Девушка набрала полную грудь воздуха и победно пропела последнюю строку.
Тотчас же ее стали душить рыдания, долго сдерживаемые слезы потекли из глаз. Изумленные и очарованные часовые глядели на прекрасную плачущую певунью. Их души смягчились при виде ее мук. Но приказ! Неумолимый приказ.
Один из солдат приблизился к несчастной, склонился к ее уху и тихо произнес:
— Мадемуазель, прошу вас, уходите. Это приказ. Не настаивайте… иначе нас посадят в тюрьму.
Мадьяна отрешенно проронила:
— Да… спасибо! Я ухожу.
Она бросила взгляд, полный отчаяния, на мрачные здания, и по ее телу пробежала дрожь.
Все окна в стенах были прикрыты сверху деревянными навесами.
И все же именно оттуда донеслось:
— Ма… дья… на!
Девушка, которая еле передвигала ноги и шла, опираясь на руки юных друзей, прошептала:
— Это Поль!
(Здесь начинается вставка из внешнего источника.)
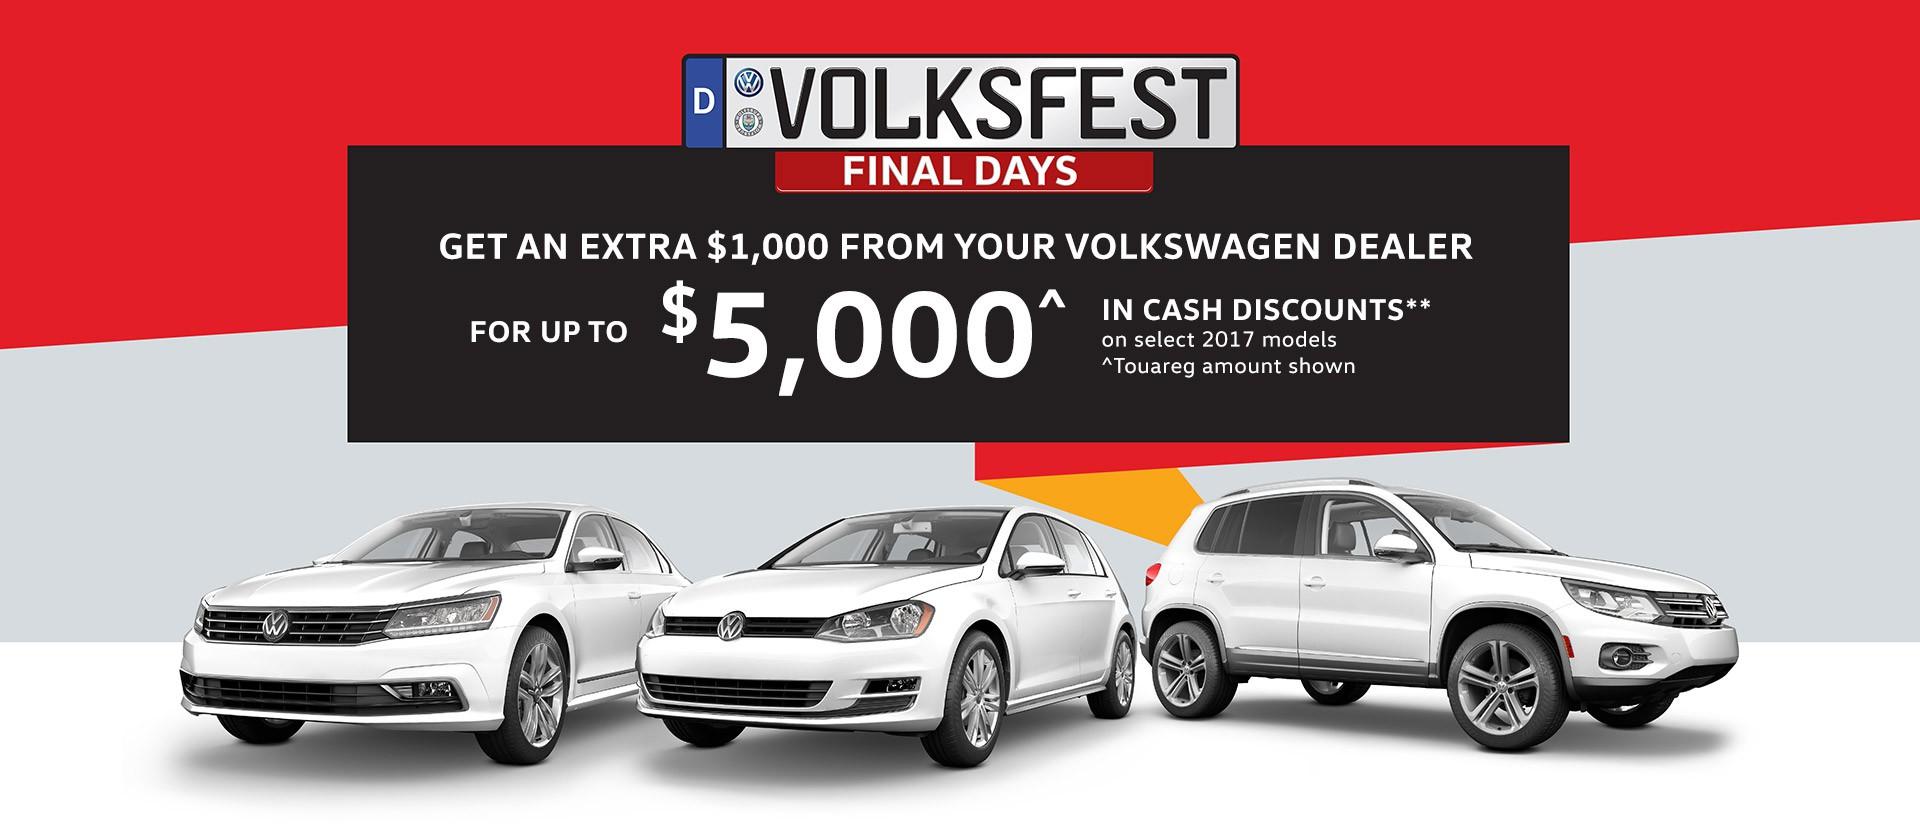 Volksfest_final_days_1920x824

Будь благословен Господь… Он меня услышал.
Мустик, внезапно просветлевший, воскликнул:
— Железная Рука! Да, это Железная Рука! Мадемуазель, мужайтесь! Мы перевернем небо и землю, но спасем его!
— Да, дорогой малыш! Мы вырвем Поля из этого ада и докажем его невиновность. Но теперь надо быстрее вернуться… мне что-то нехорошо.
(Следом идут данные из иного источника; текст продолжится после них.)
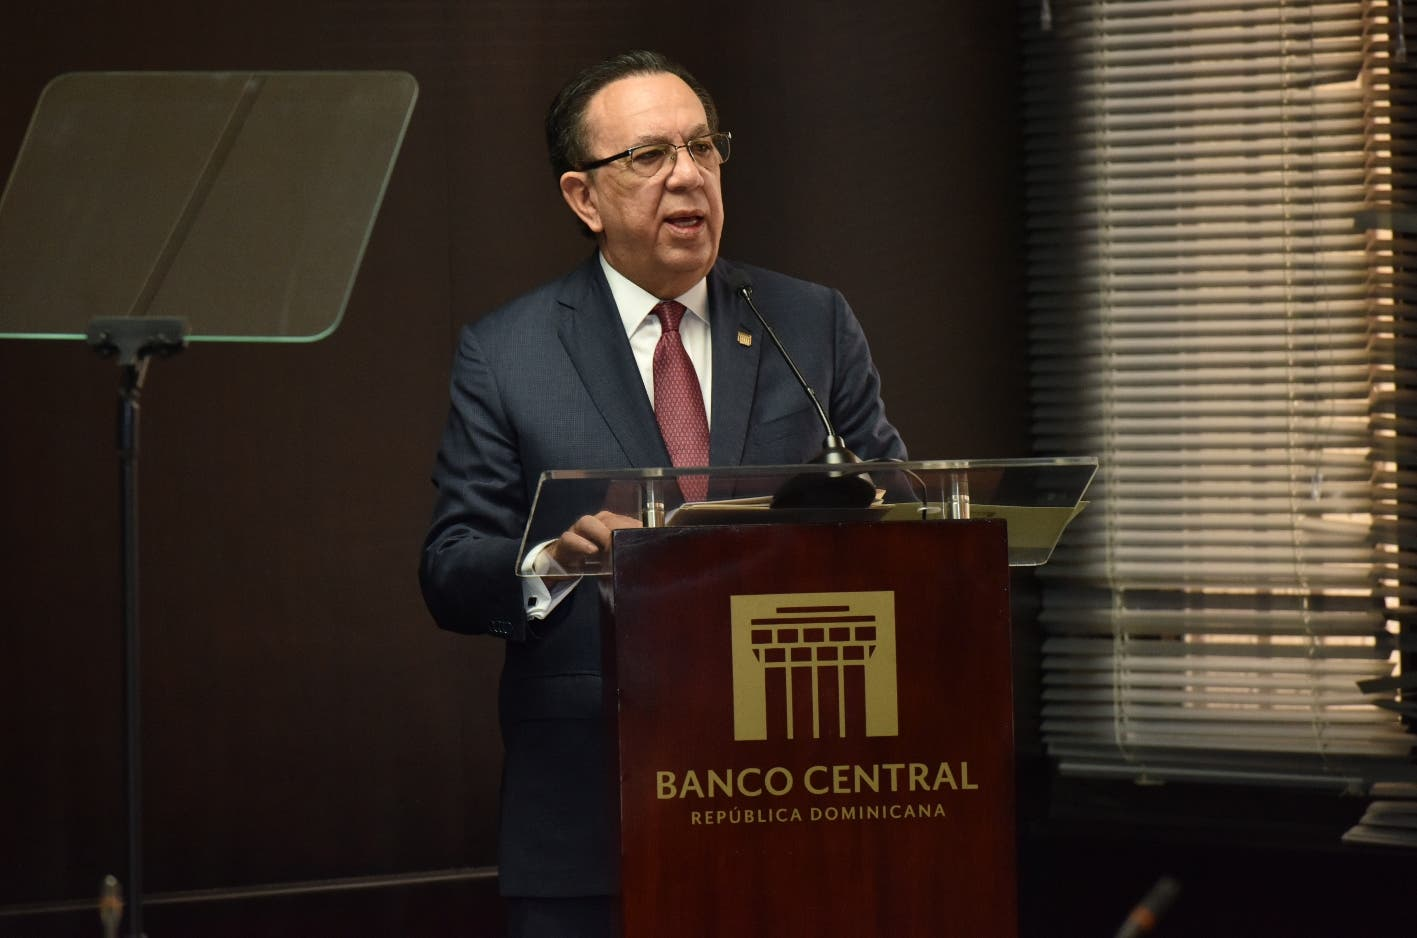 Nuevas medidas tomadas por Banco Central para mitigar impacto del COVID-19

Когда Мадьяна пришла домой, у нее зуб на зуб не попадал, голова раскалывалась от нестерпимой боли.
Обеспокоенный Мустик предупредил настоятельницу. Славная женщина поспешила прийти, осмотрела девушку и уложила ее в постель. Затем она позвала мальчика, который сгорал от нетерпения, беспокоясь о здоровье девушки.
— Не тревожьтесь, дитя мое, — сказала ему монахиня. — Мадьяна все опасности. Она просто устала с дороги, а эмоциональное напряжение вызвало сильный приступ лихорадки. Отдых, хинин, уход и особенно покой быстро поставят ее на ноги.
— Да, мадам, надеюсь… Она сильная и мужественная. Мы будем о ней заботиться, но кто ей даст душевный покой?
Настоятельница посмотрела в светлые глаза мальчика, сверкавшие умом и решительностью, и после долгого молчания проговорила:
— Дитя мое, я знаю, вы любите Мадьяну и ее жениха…
— Я им предан до самой смерти!
— Вы показали пример смелости и находчивости, очень редкий в таком возрасте…
Смущенный похвалой, Мустик покраснел, смешался и прошептал:
— Я не заслуживаю этой похвалы, мадам… Но я готов сделать все, что могу, там, где жизнь так жестока и опасна.
— Чудесно! Надо попытаться сделать для друзей еще больше и лучше, если это возможно. Я доверяю вам, несмотря на вашу молодость, одну очень важную вещь. О ней до нового приказа нельзя говорить никому ни единого слова.
— Мадам, я буду достоин вашего доверия. Вы увидите…
— Слушайте меня. Будьте внимательны и не прерывайте. Я только что узнала, что два иностранных путешественника прибыли вчера утром с голландским кораблем. Один инженер, другой, тот, что его сопровождает, что-то вроде фактотума. Человек, который мне об этом сообщил, достойный доверия, находит, что ведут они себя как-то странно.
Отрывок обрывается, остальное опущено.